DNA chains are not usually just single strands of nucleotides. Usually,
nucleotides of two polynucleotide strands are base-paired to each
other. The nucleotide base adenine pairs through hydrogen bonds with the
nucleotide thymine forming an
adenine-thymine (A-T) base pair. Guanine binds with cytosine forming a
guanine-cytosine (G-C) base pair. Because of this base pairing,
polynucleotide chains in double-stranded DNA are always complementary to
each other.
DNA Double Helix
The nature of the bonds between nucleotide bases results in the famous "double helix" DNA structure. The hydrogen bonding between strands of DNA holds the strands together until they are separated for DNA replication or RNA transcription.
DNA Replication
DNA is replicated (reproduced) through an extremely complicated process. This
is the simplified version.
The
two strands of DNA are separated and a new complementary strand is
synthesized for each old strand by adding complementary base pairs to the
newly-synthesized strand (see figure at right). The DNA polymerase (the
enzyme that makes new DNA) reads the base on the original strand and adds
the complementary base to the newly synthesized strand. DNA is always
synthesized in a 5’ to 3’ direction. Since one strand runs in the opposite
direction, it must be synthesized in pieces that are later connected with
DNA ligase. In reality, both strands are synthesized in pieces, since the
DNA is unwound at numerous sites simultaneously on each chromosome in order
to produce a complete copy in a short period of time (hours instead of
weeks).
RNA
How does DNA turn in you?
Since DNA just stores information, there needs to be a way to turn the
information into physical bodies.
This feat is accomplished through the synthesis of
an intermediate information-carrying molecule that carries the information
from the nucleus to the cytoplasm, where it is processed into proteins. The
intermediate molecule is called RNA (ribonucleic acid). As you can tell from
the name, it differs from DNA in that part of it (the ribose sugar) has an
extra oxygen compared to DNA (the "deoxy" version). In addition, RNA does
not use thymine as a base, but another nucleotide known as uracil (see figure right). Uracil
forms base pairs with
adenine, as thymine does in DNA. RNA is transcribed from DNA through an
enzyme called RNA polymerase, in a process that is known as transcription.

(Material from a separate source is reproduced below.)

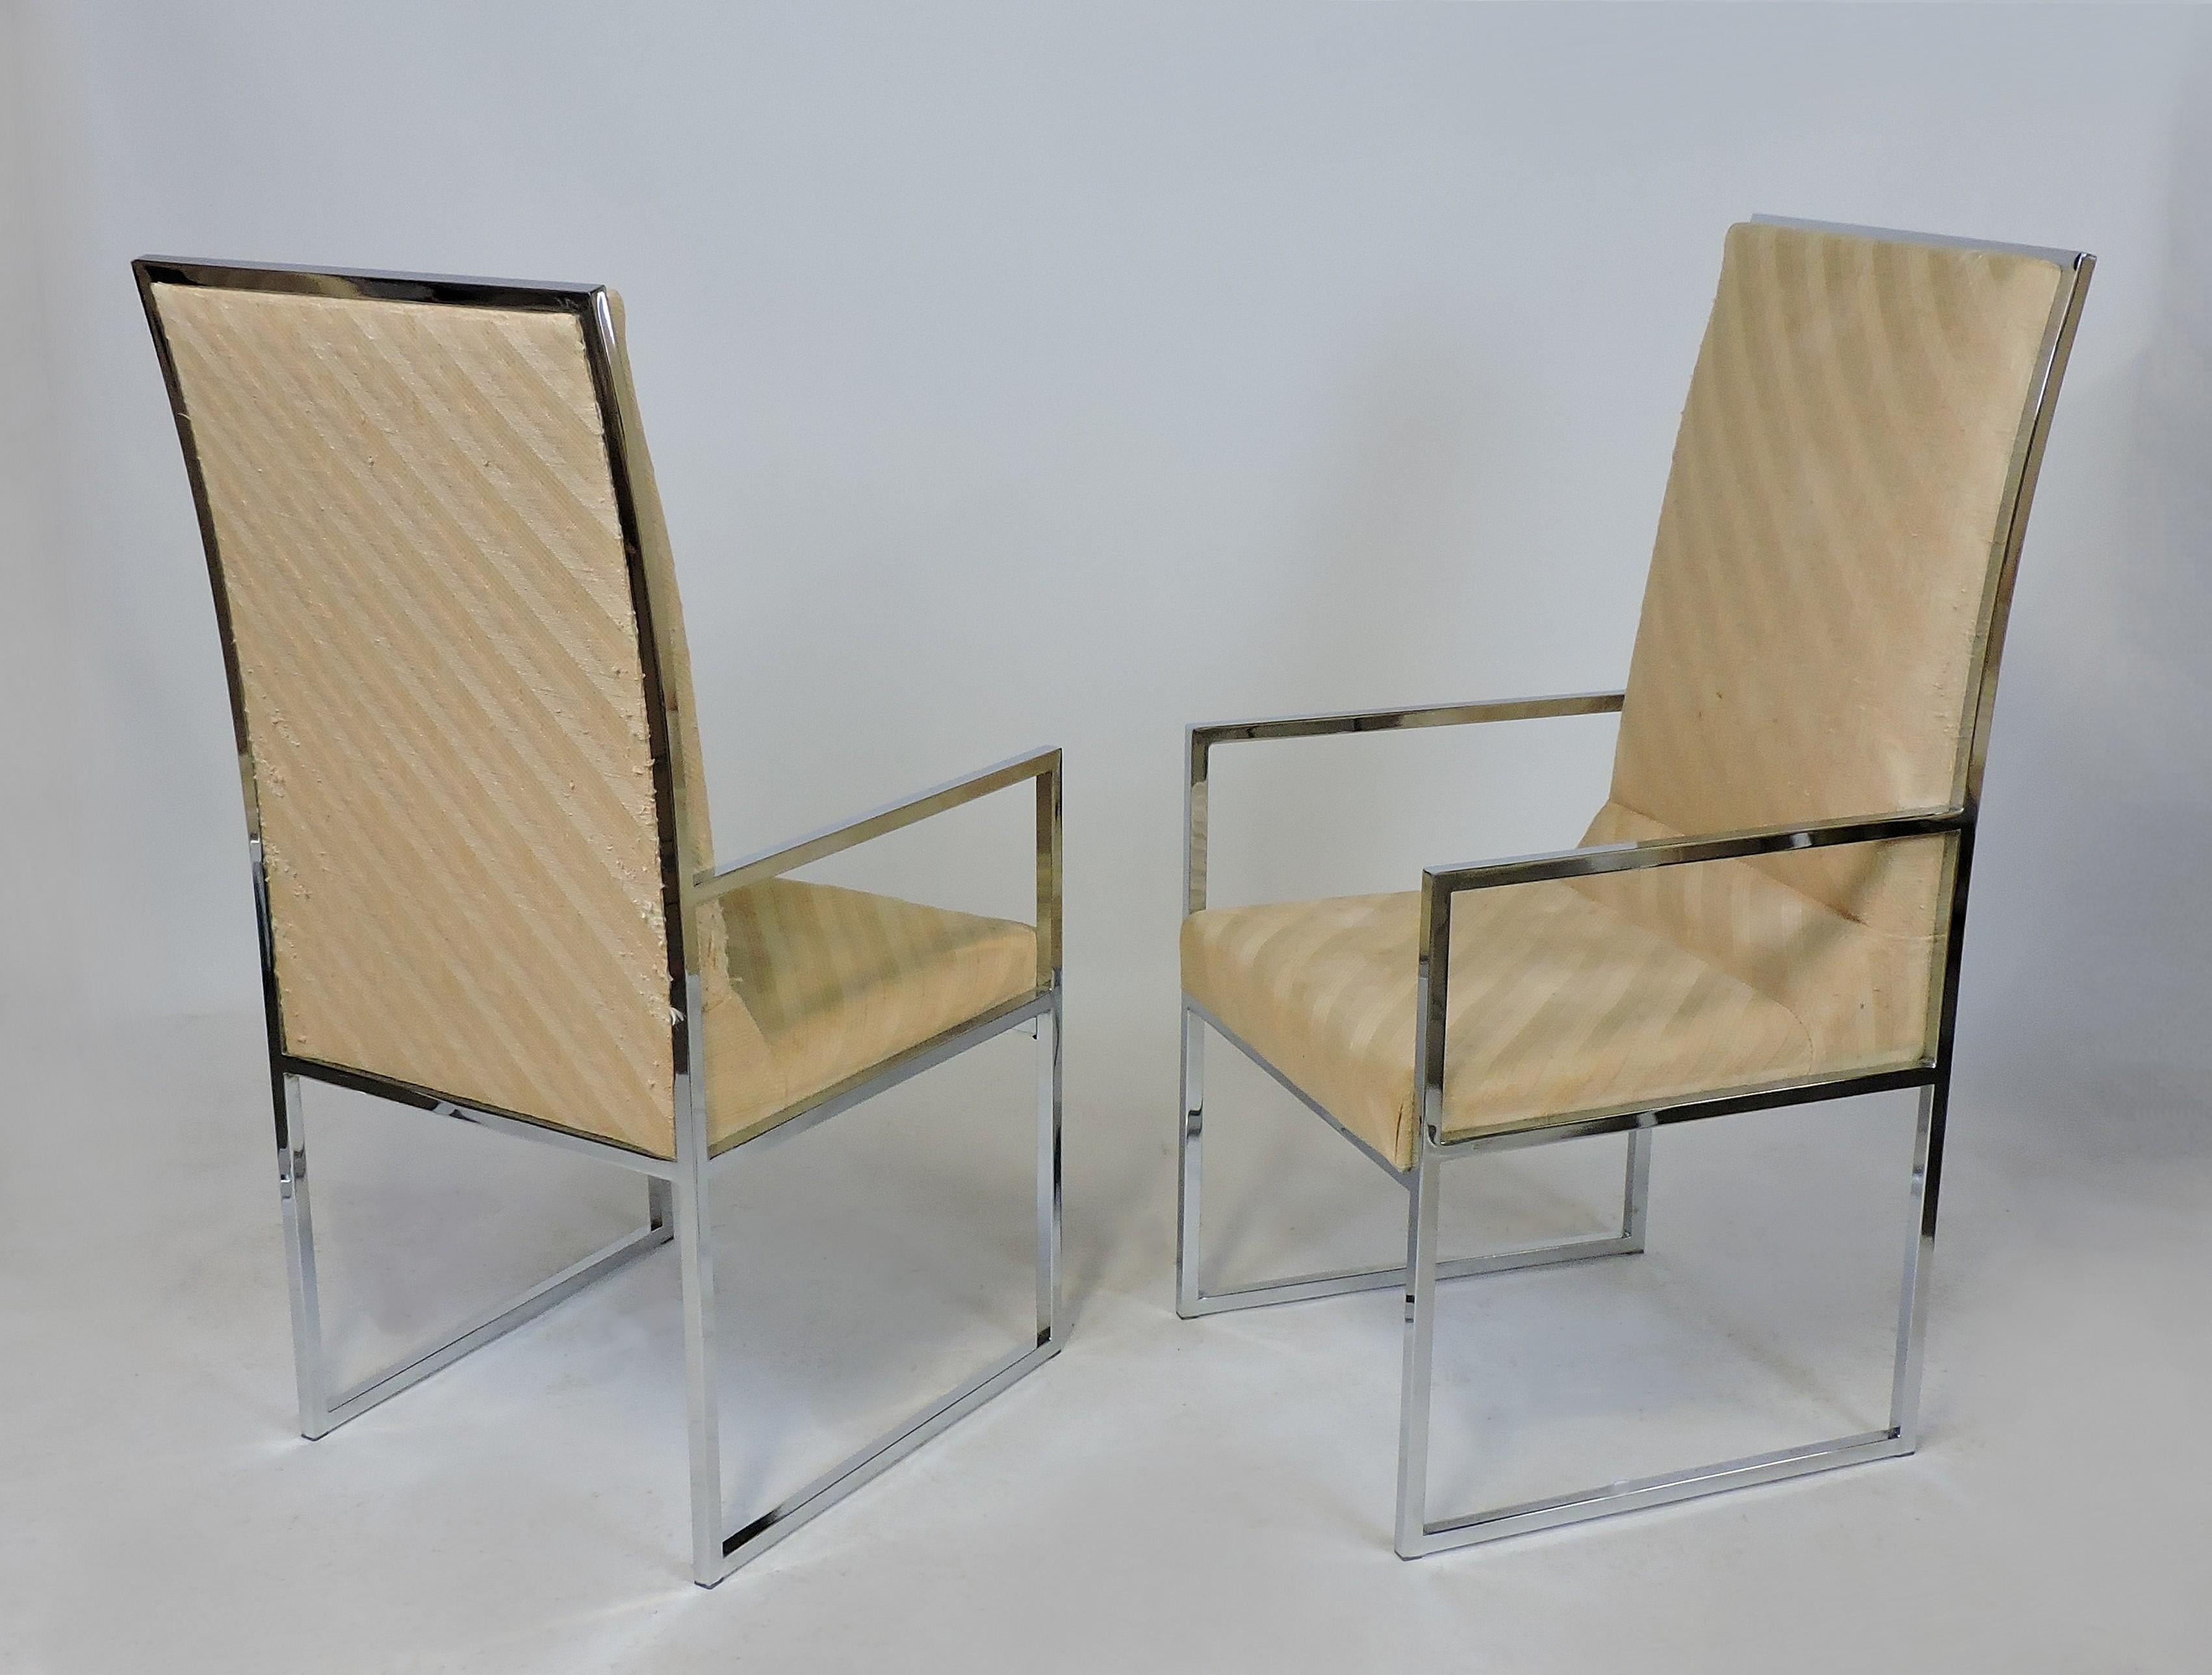 Handsome pair of high back dining chairs manufactured by Design Institute of America. These heavy and high quality chairs have a clean, classic look with thin chrome frames and upholstered backs and seats. This pair had been part of a larger set of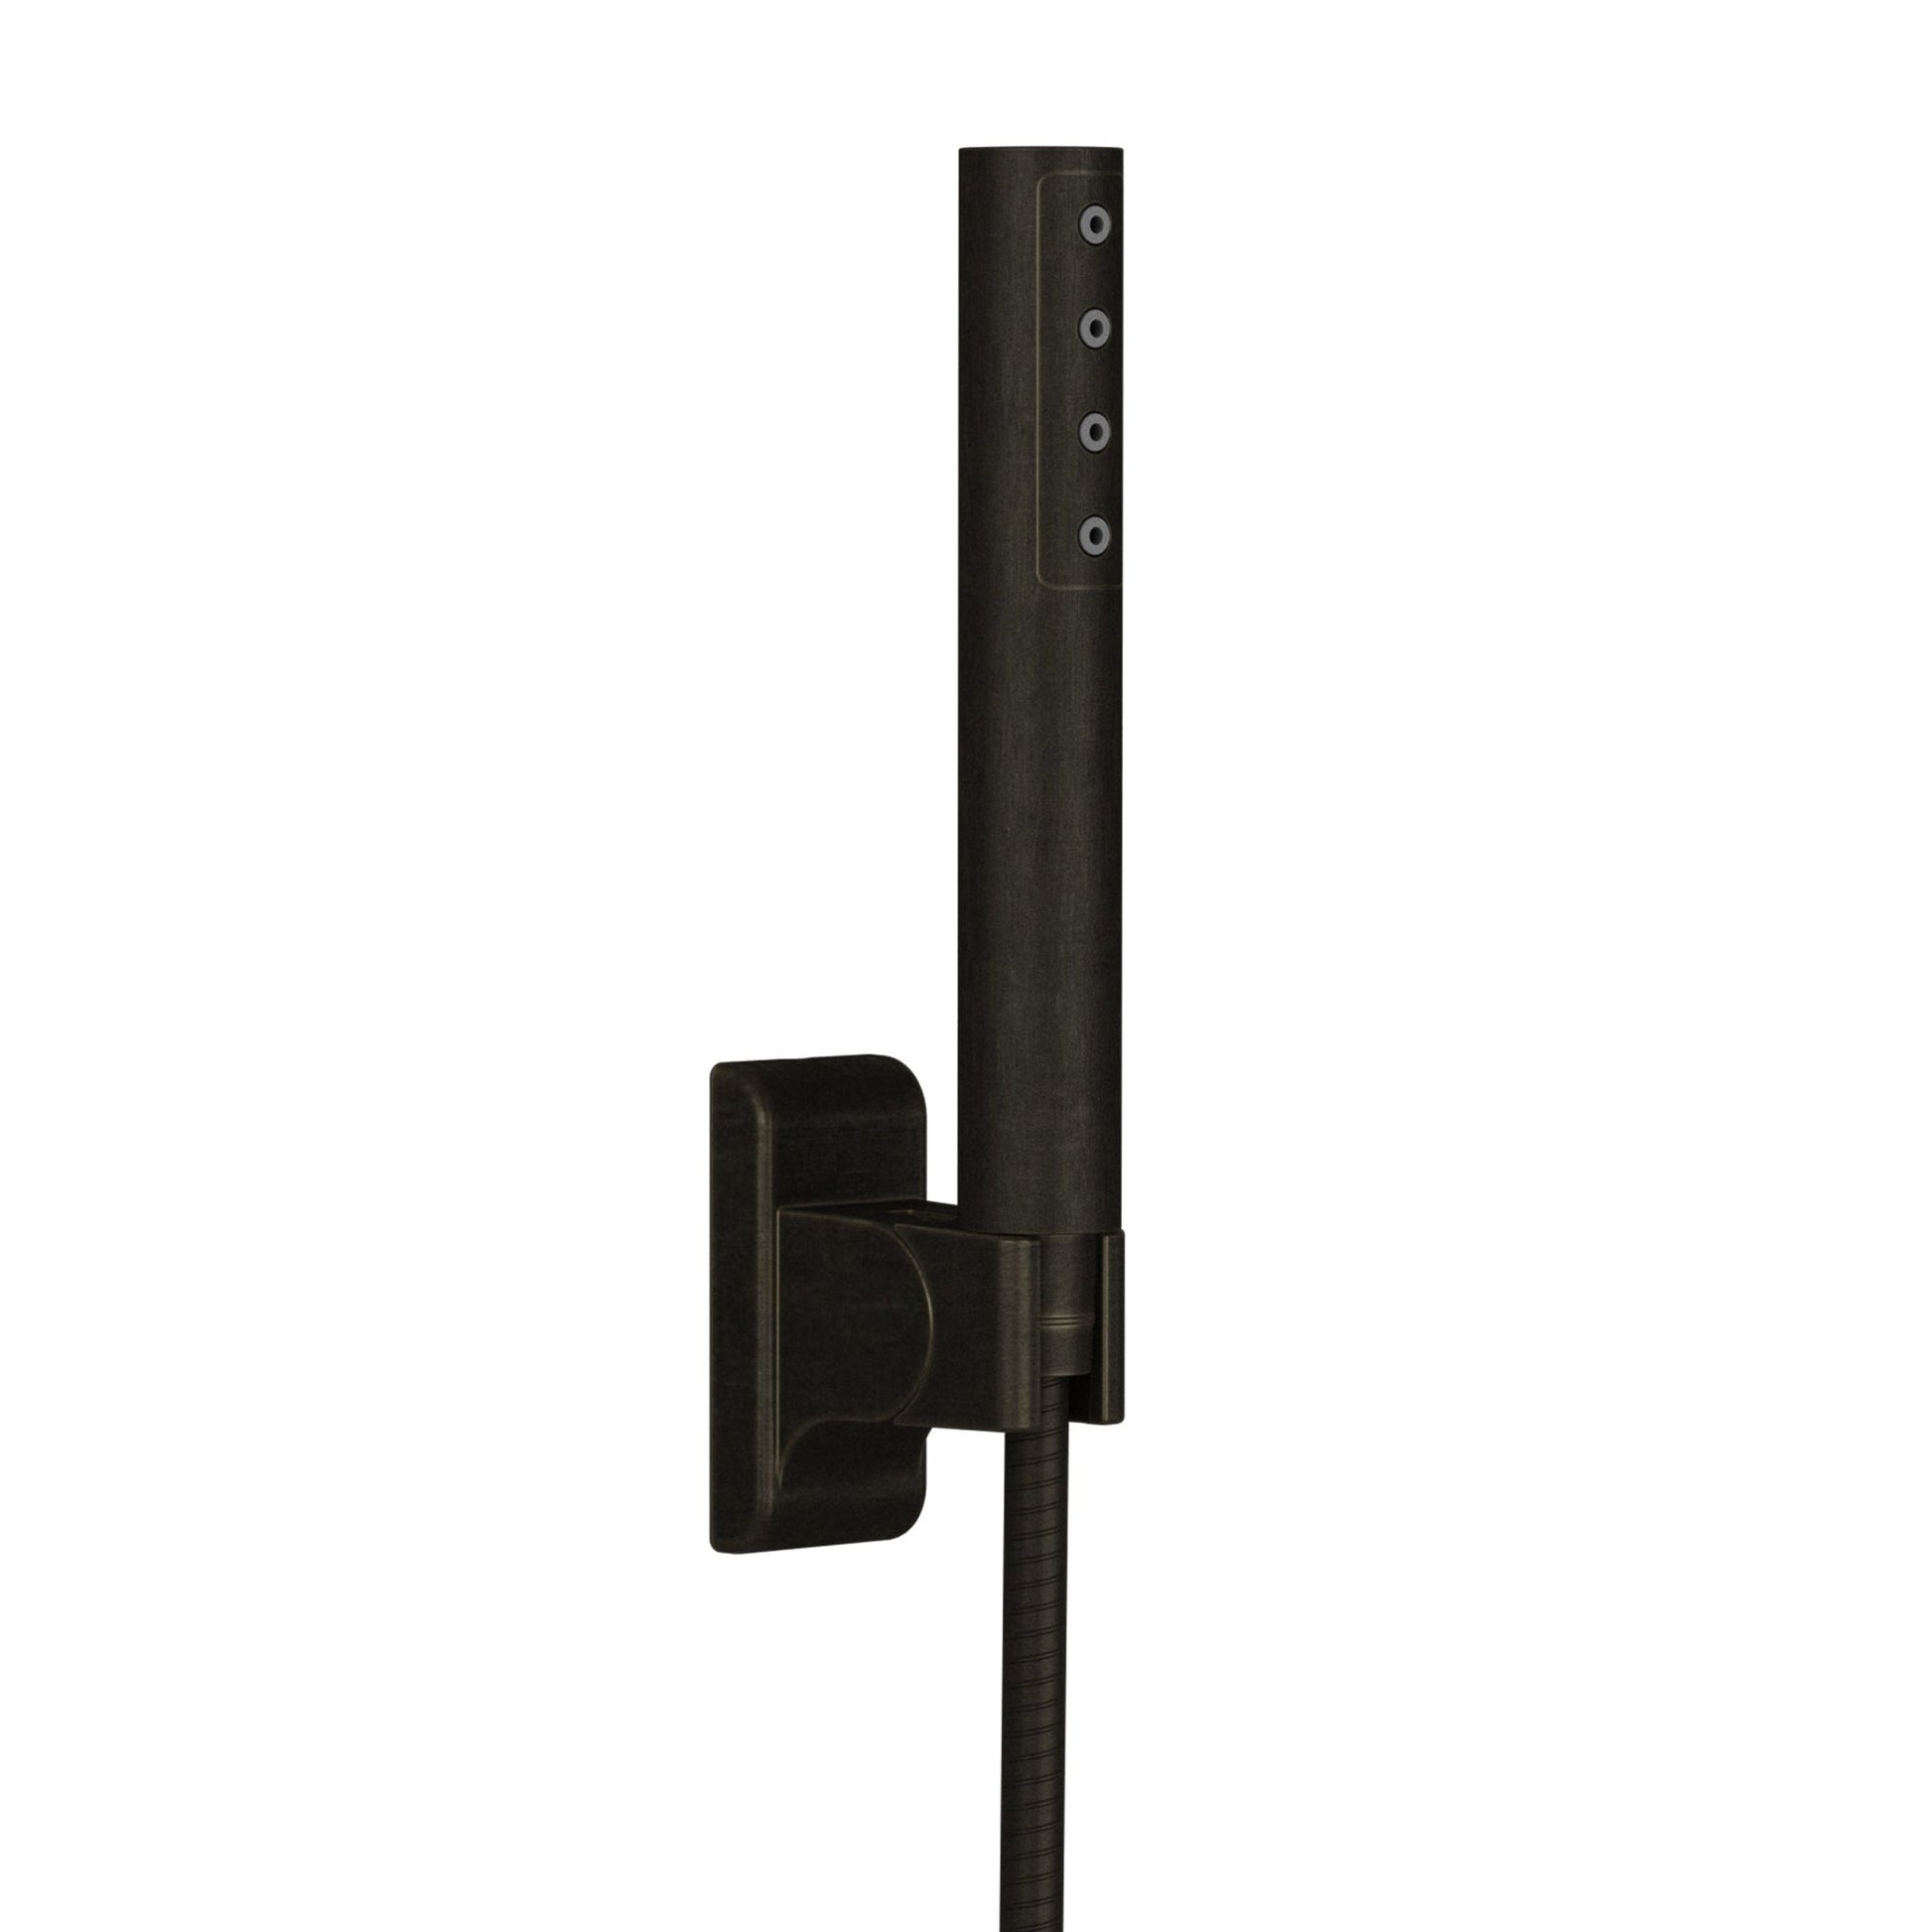 PULSE ShowerSpas Niagra Wall Mounted High Flow Tub Filler in Oil Rubbed Bronze Finish With Single Function Hand Shower

There are several kinds of RNA, which have different functions. However, the
RNA that eventually codes for proteins is called messenger RNA (mRNA).
Translation
Once mRNA
is synthesized, it is processed (usually through splicing) in the nucleus
before moving to the cytoplasm. In many instances, alternate splicing of an
RNA transcript can produce multiple proteins. It is one of the chief ways
that 25,000 genes in the human genome can make ~100,000 proteins. Proteins
are produced from an mRNA template using a process known as translation.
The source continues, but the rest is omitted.